MMDAs urged to improve sanitation in markets

BY: Timothy Ngnenbe & Juliet Akyaa Safo
 Mrs Samira Bawumia and some officials demonstrating proper handwashing, Picture: ESTHER ADJEI
Mrs Samira Bawumia and some officials demonstrating proper handwashing, Picture: ESTHER ADJEI

This year’s Global Handwashing Day was marked in the country with a directive to all metropolitan, municipal and district assemblies (MMDAs) to take urgent steps to improve the sanitation situations in markets to prevent food poisoning.
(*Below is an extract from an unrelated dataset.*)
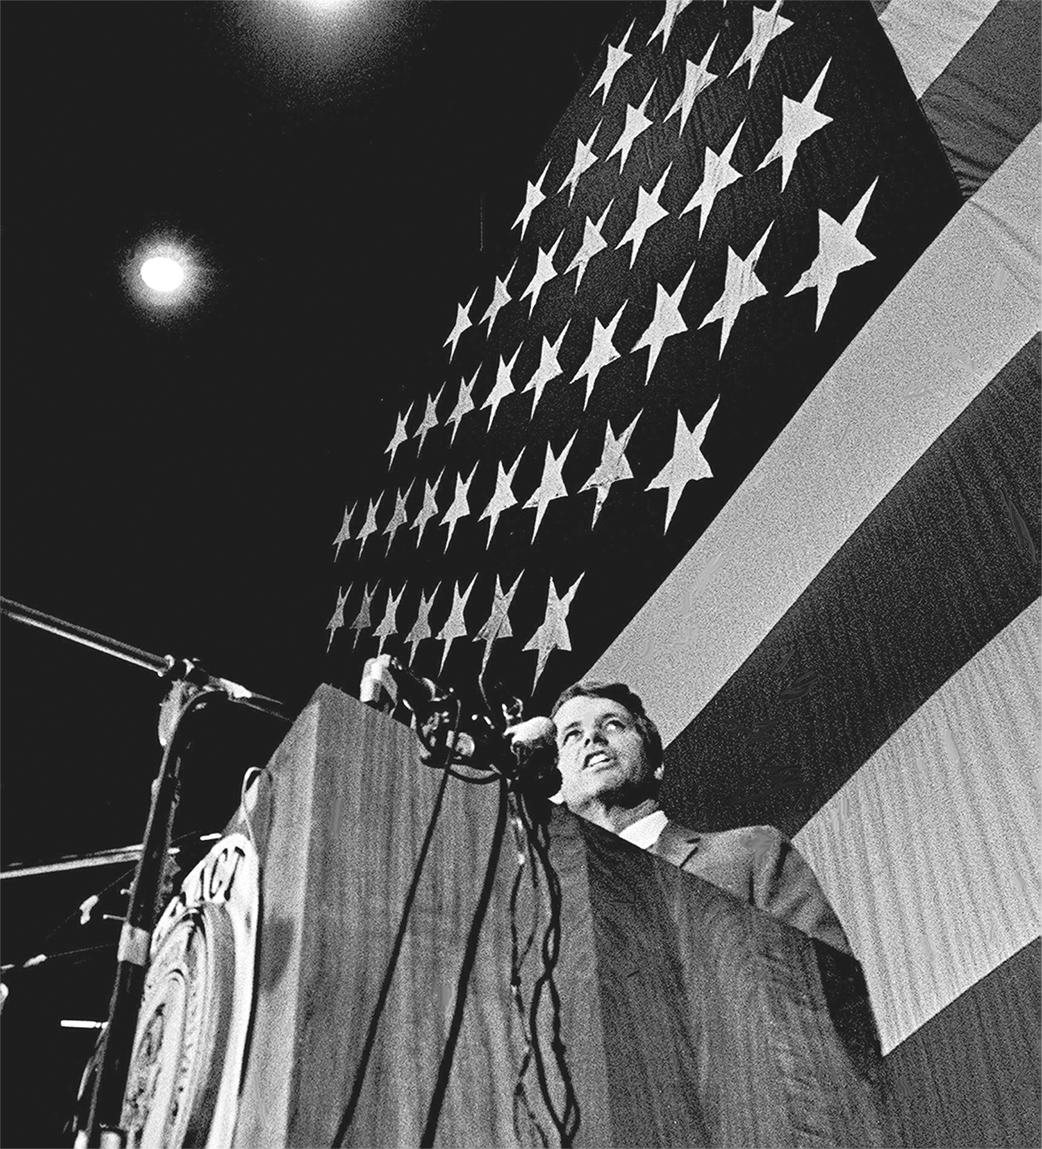 photo of Robert Kennedy at a podium

The event is held annually across the world to sensitise people to the important role appropriate washing of hands plays in good personal hygiene and wellbeing.
Separate events were held at the Agbogbloshie Market and the Black Star Square in Accra yesterday at which the Minister of Sanitation and Water Resources (MSWR), Ms Cecilia Abena Dapaah, and the Second Lady, Mrs Samira Bawumia, urged the public to prioritise handwashing to stay healthy.
This year’s event in Ghana is on the theme: “Clean hands, a recipe for health,” with a focus on sensitising traders, school communities and people in other public places to the need to adopt the practice of handwashing.
National event
The national event at the Agbogbloshie Market was attended by Ms Dapaah, as well as the Chief Executive Officer (CEO) of the Accra Metropolitan Assembly (AMA), Mr Mohammed Nii Adjei Sowah; the CEO of Community Water and Sanitation Agency (CWSA), Mr Worlanyo Kwadjo Siabi, and other officials of the ministry and the AMA.
The celebration was dubbed “High5 for hand washing – Give us a high and we’ll teach five kids hand washing”.
Unilever Ghana Limited organised the event at the Black Star Square which was attended by Mrs Samira Bawumia, the Managing Director of Unilever Ghana, Mr Yeo Ziobeieton; the Deputy Minister of Education, Ms Babara Asher Ayisi; the Deputy Minister of Sanitation and Water Resources, Mr Patrick Boamah; The Netherlands Ambassador to Ghana, Mr Ron Strikker, among other personalities.
Improving
the trend
According to figures from the CWSA, only 30 per cent of Ghanaians washed their hands with soap and water in accordance with accepted sanitation practices.
The figure represents about nine million people of the country’s current population projected to be 30 million.
According to the CWSA, although the current situation was an improvement over that of 2001 when only 2.7 per cent and 6.2 per cent of mothers and children respectively washed their hands with soap, more work needed to be done to improve the trend.
The data also estimate that 10,000 children under the age of five die from pneumonia and diarrhoea in Ghana ­each year, according to a UNICEF report.
Directive
Ms Dapaah urged the MMDAs to take bold steps to stop the sale of food on the ground and close to refuse dumps to help ensure food safety for the public.
“It is common in our markets and communities to see food vendors serving food to customers with bare hands that have not been washed, people touching or sharing food without washing their hands, and food not properly stored to ensure that they are safe to eat.
I, therefore, direct all MMDAs to henceforth take sanitation issues seriously,” she stressed.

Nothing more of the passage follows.